Explorer was tied with CoSTAR — a team led by the Jet Propulsion Laboratory that included MIT, CalTech and South Korea's KAIST — going into the last run on the last day of competition on Wednesday. Feb. 26. But CoSTAR located and identified more artifacts during its run, giving it a final score of 16 to Explorer's 11.
The Subterranean Challenge, sponsored by the Defense Advanced Research Projects Agency, is a multiyear competition in which autonomous robots map underground environments and look for objects — such as simulated human survivors, backpacks and emergency equipment — much as a first responder might during an emergency response.

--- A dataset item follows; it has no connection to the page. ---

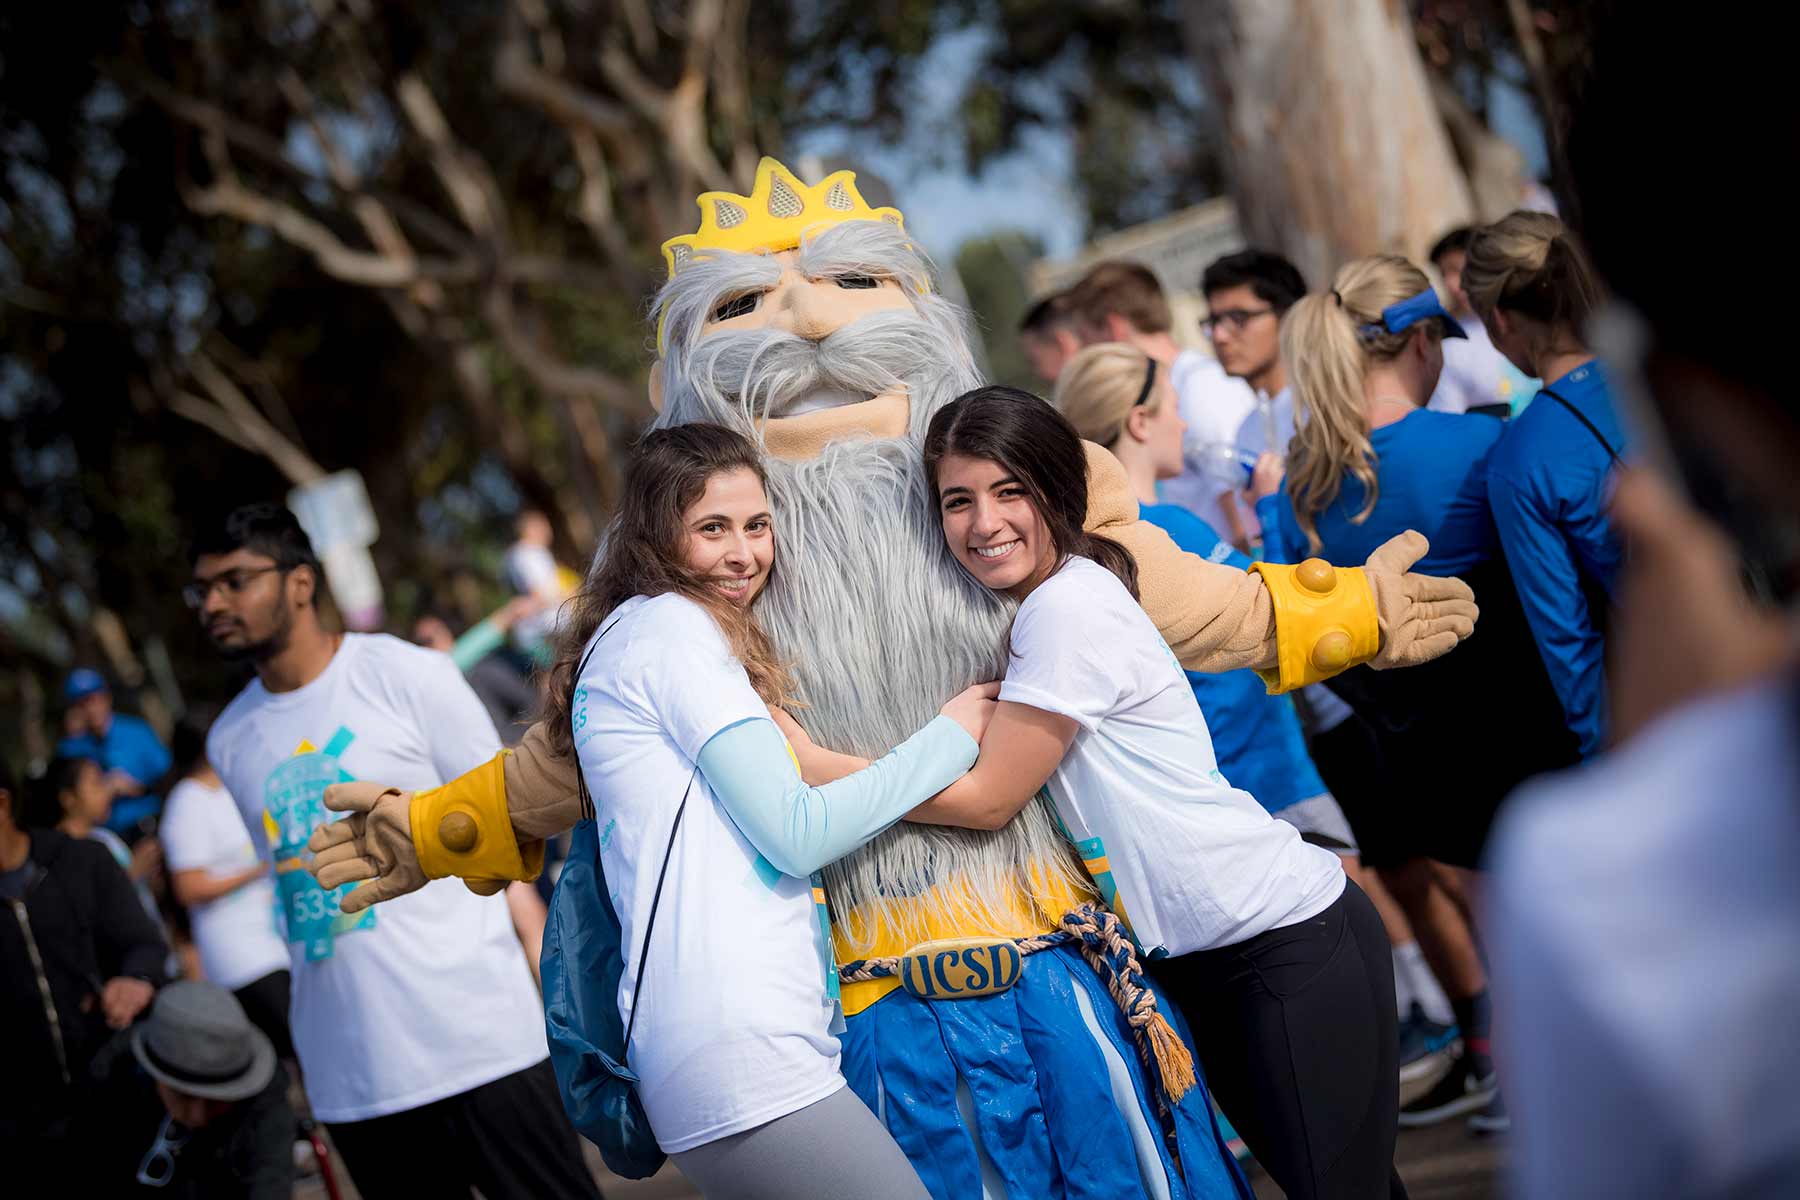 Student hugging King Triton mascot

Explorer deployed various combinations of its three ground robots and four drones during its runs.
The CMU Robotics Institute's Sebastian Scherer, who co-leads the team with Matt Travers, a systems scientist, said the performance of the team's drones was a highlight of the competition.
"They covered a lot of ground," he said, and worked effectively in air shafts and other tight spaces. Piggybacking and launching the drones from the team's wheeled ground robots also worked well, he added.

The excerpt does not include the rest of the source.